Task input:
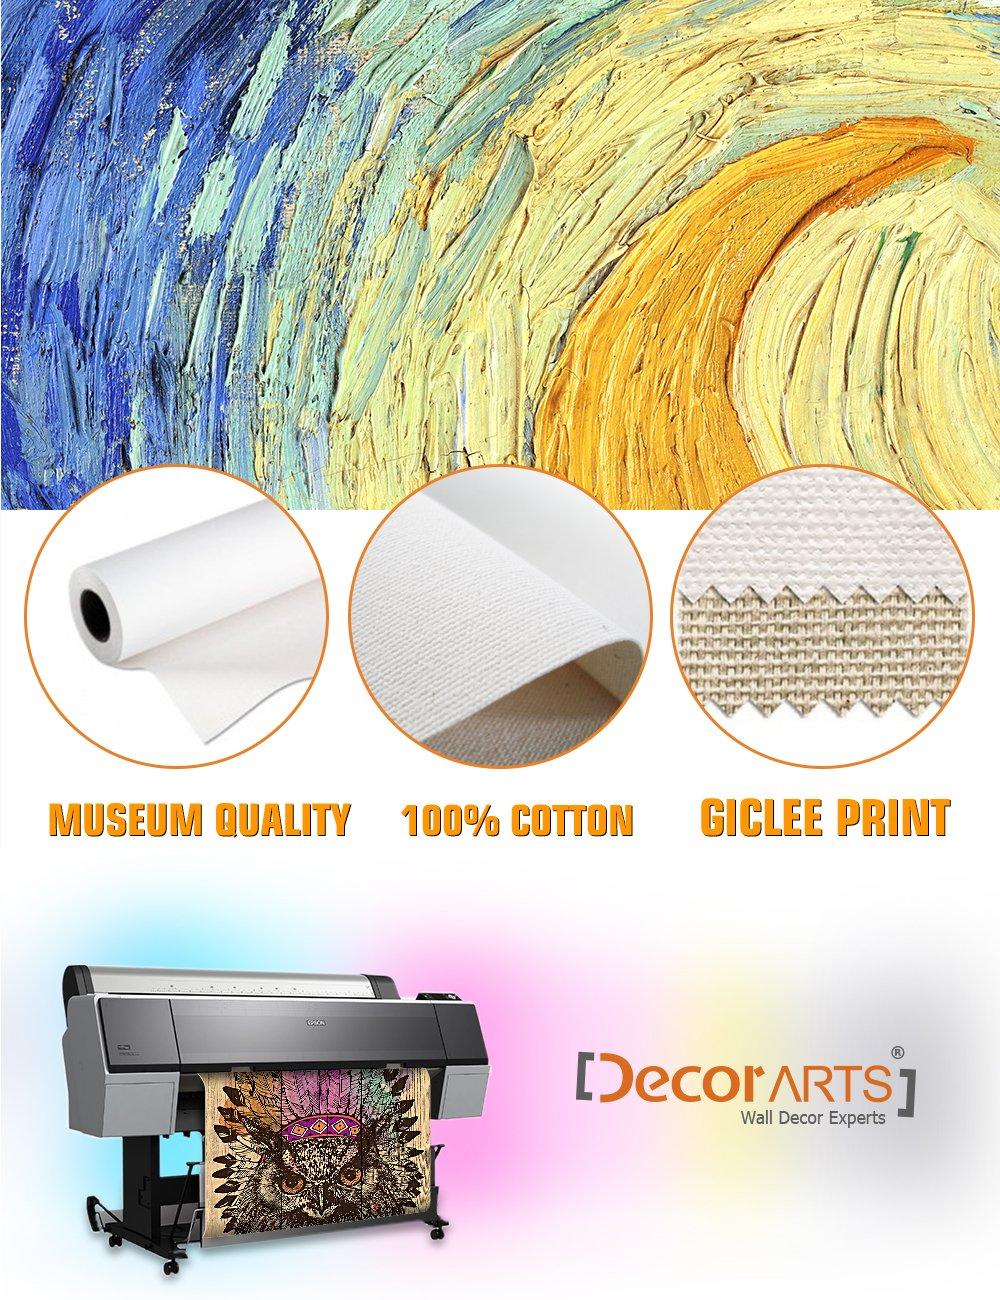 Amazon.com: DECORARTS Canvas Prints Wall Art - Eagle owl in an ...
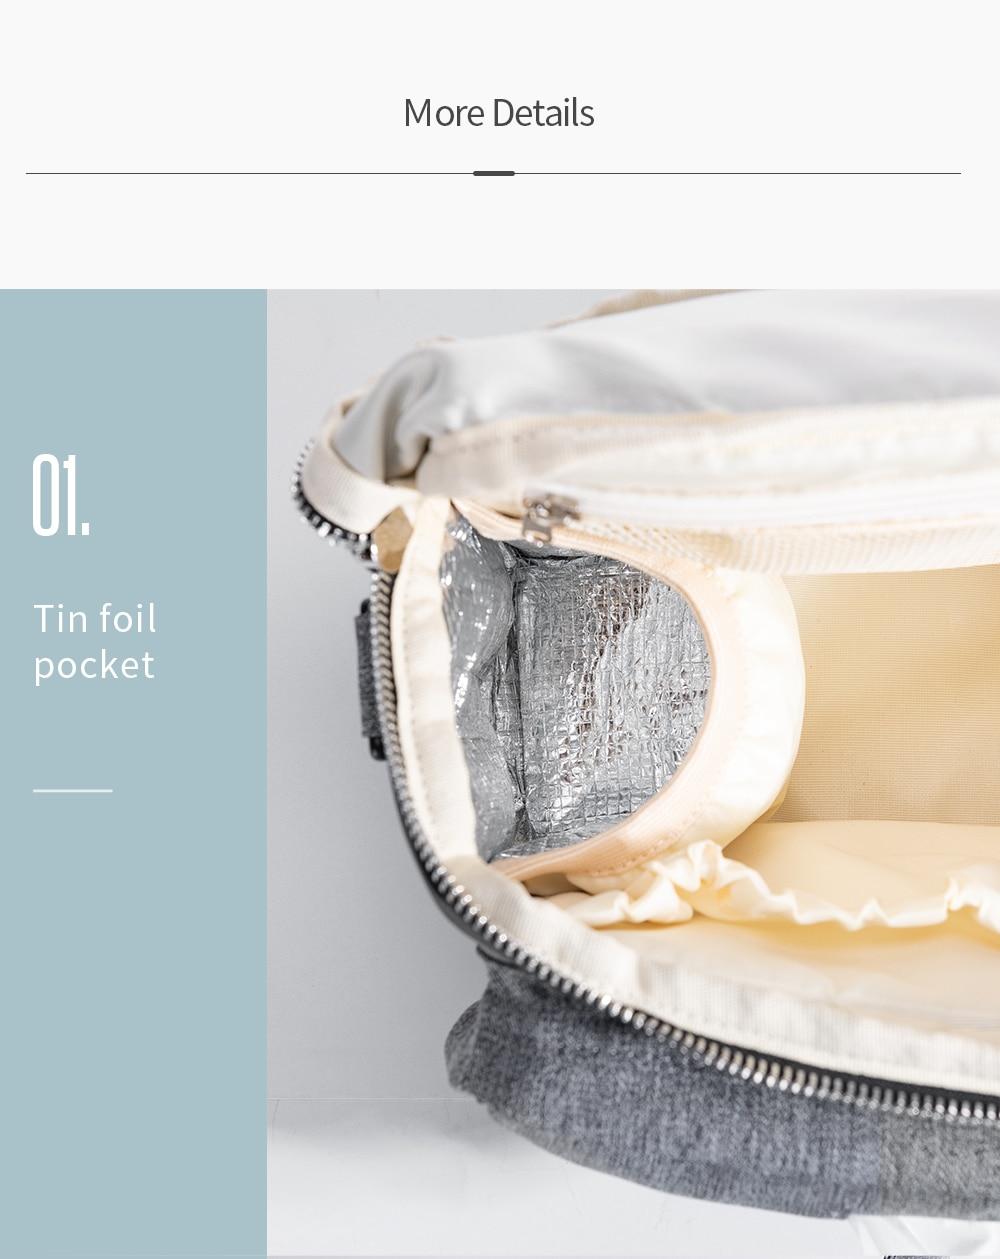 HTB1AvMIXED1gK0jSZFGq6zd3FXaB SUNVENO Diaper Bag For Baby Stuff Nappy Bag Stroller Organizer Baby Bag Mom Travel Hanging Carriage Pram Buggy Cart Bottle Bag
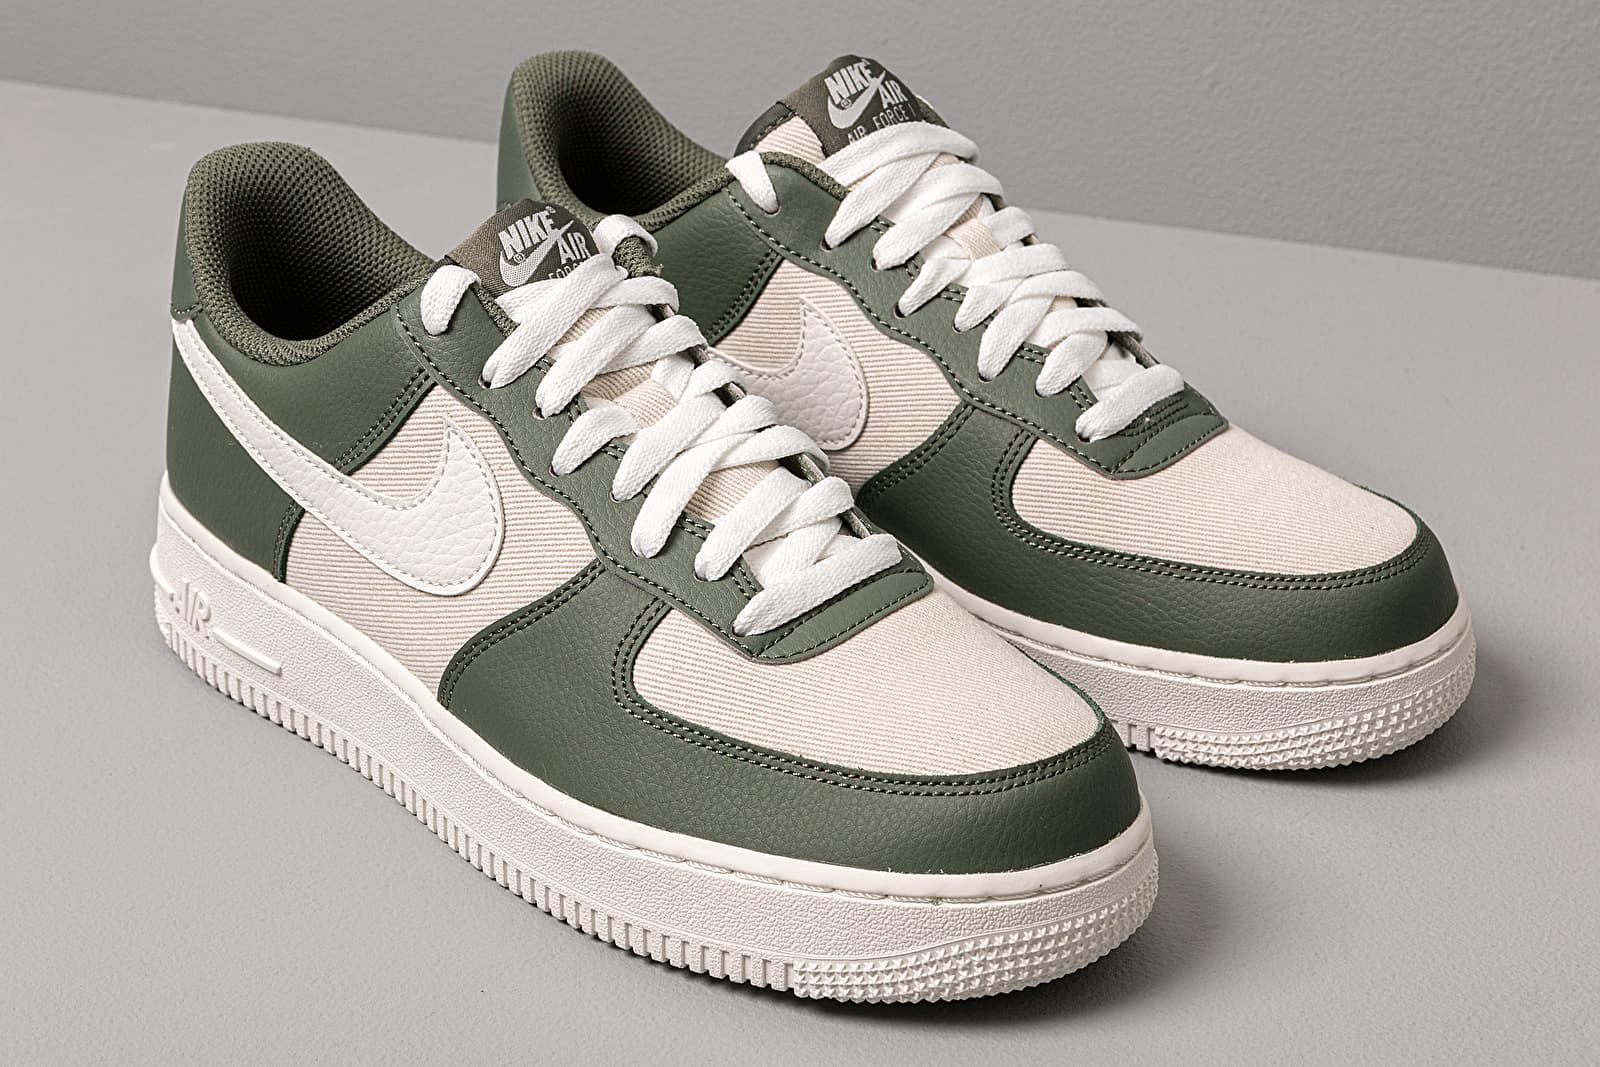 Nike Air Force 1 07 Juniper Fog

--

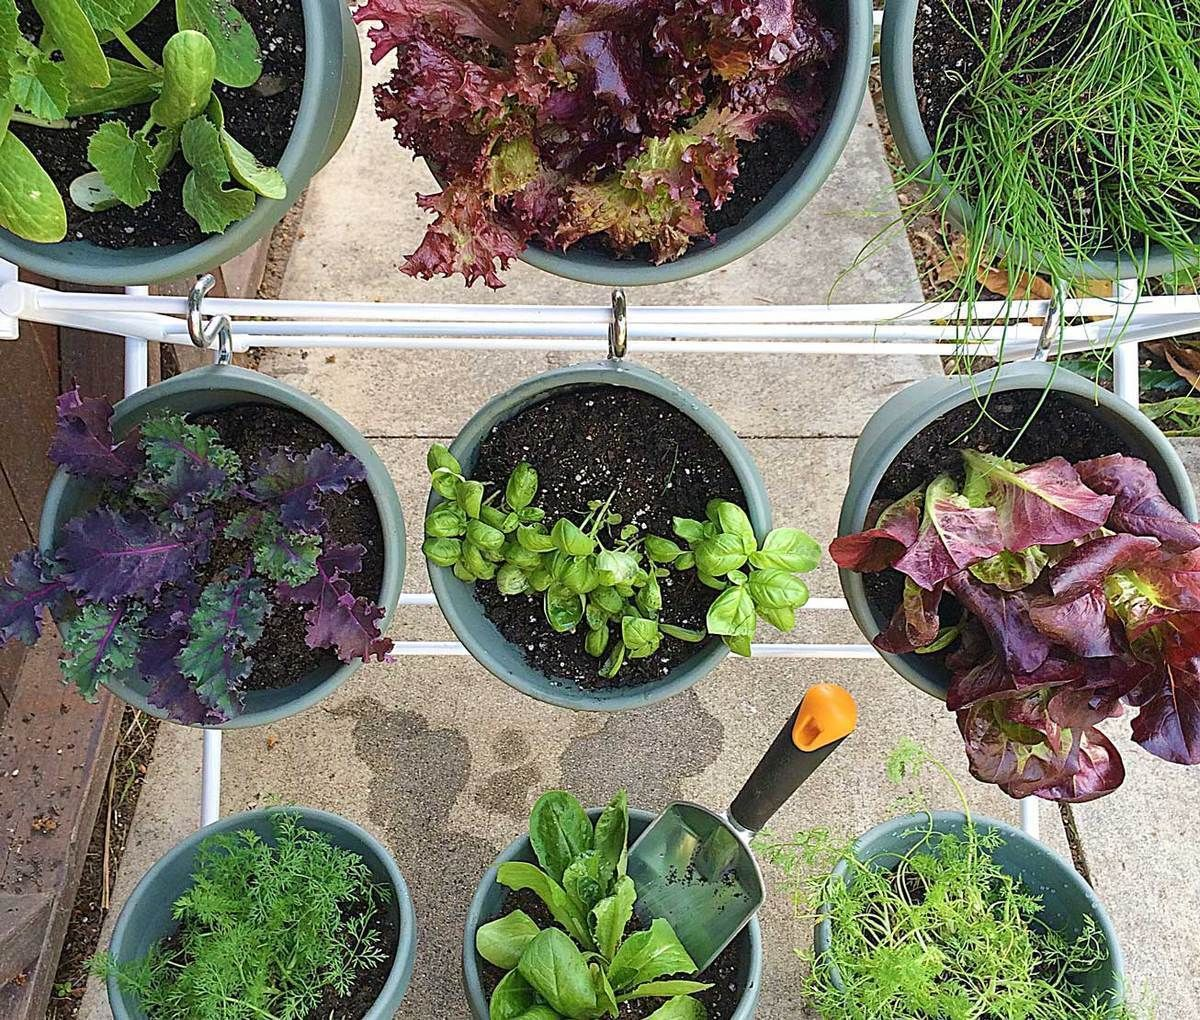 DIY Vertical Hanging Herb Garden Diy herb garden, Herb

---

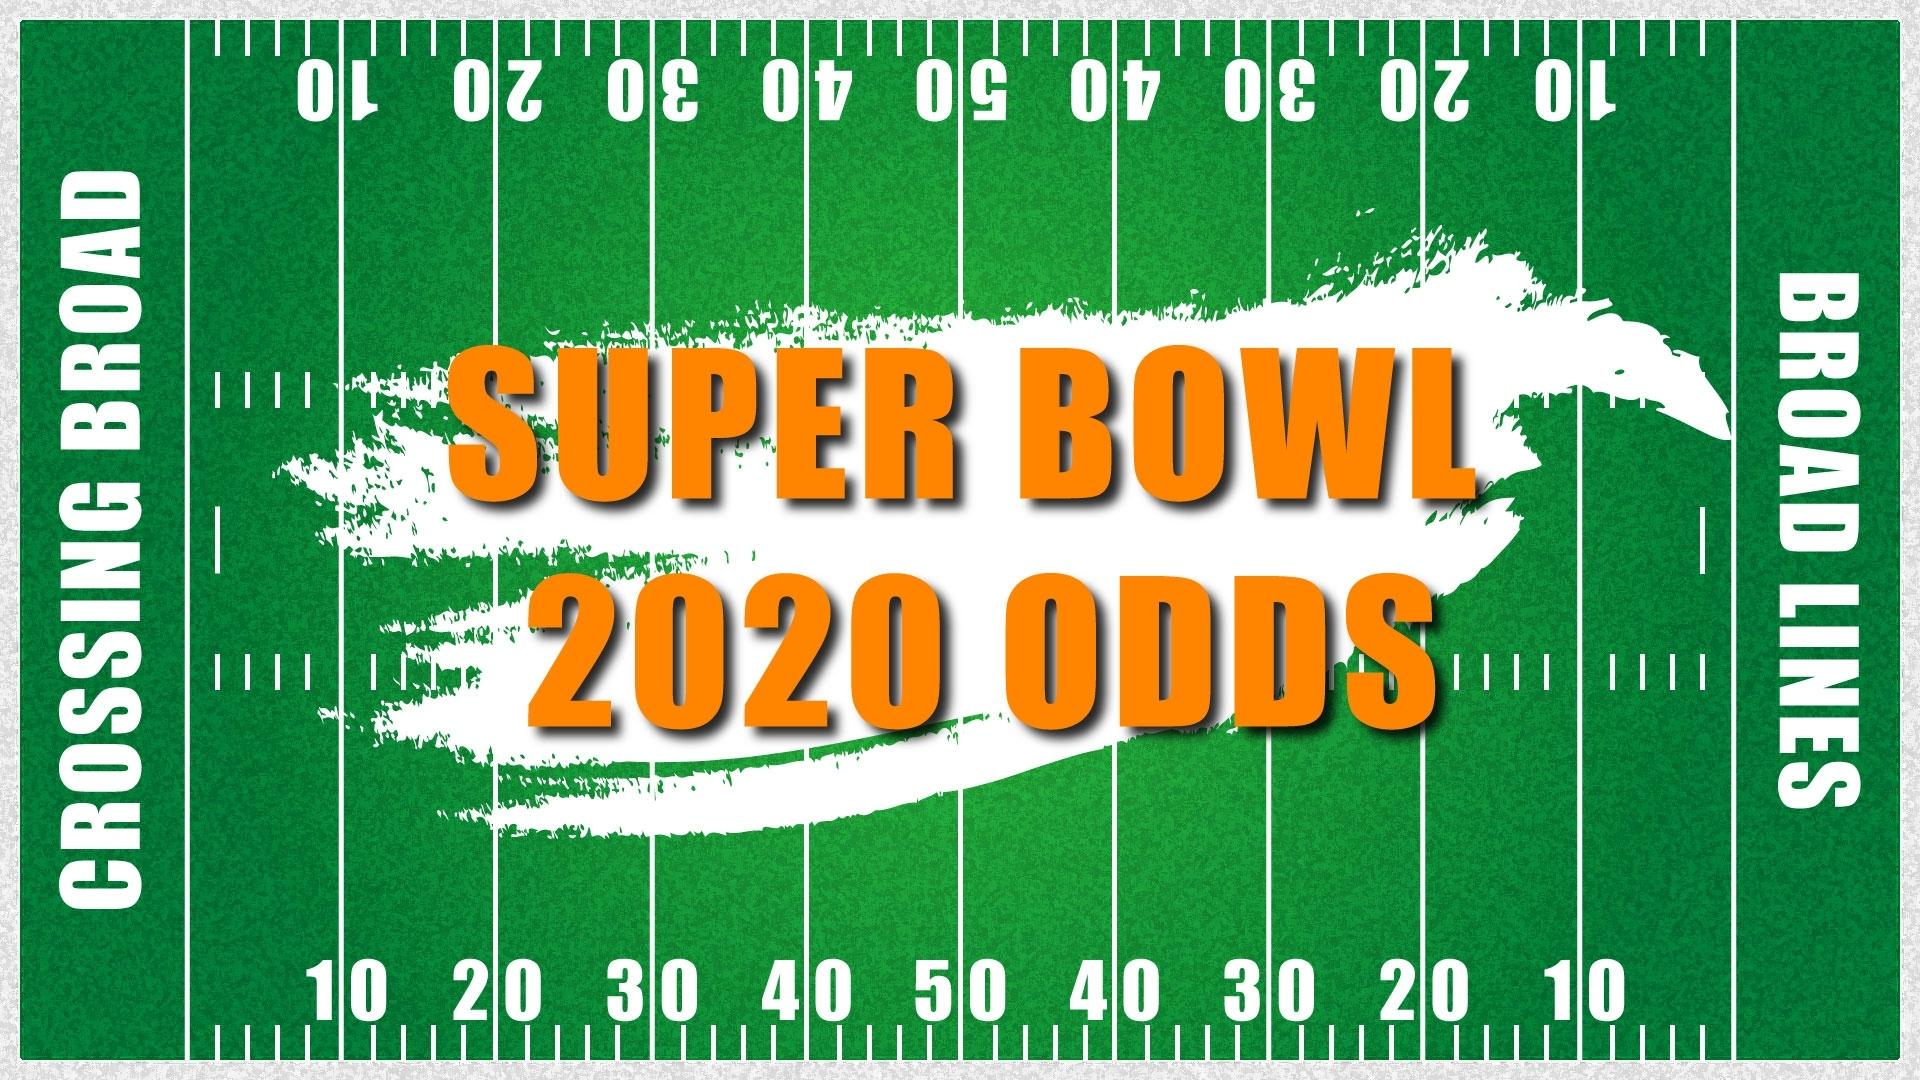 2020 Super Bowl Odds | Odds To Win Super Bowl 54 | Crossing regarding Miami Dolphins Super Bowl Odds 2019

Problem description: Copy back exactly the lines above from the one containing "Amazon.com: DECORARTS Canvas" through the one containing "Nike Air Force 1 07 Juniper Fog", and leave every picture behind.

Solution to this task:
 Amazon.com: DECORARTS Canvas Prints Wall Art - Eagle owl in an ...
 HTB1AvMIXED1gK0jSZFGq6zd3FXaB SUNVENO Diaper Bag For Baby Stuff Nappy Bag Stroller Organizer Baby Bag Mom Travel Hanging Carriage Pram Buggy Cart Bottle Bag
 Nike Air Force 1 07 Juniper Fog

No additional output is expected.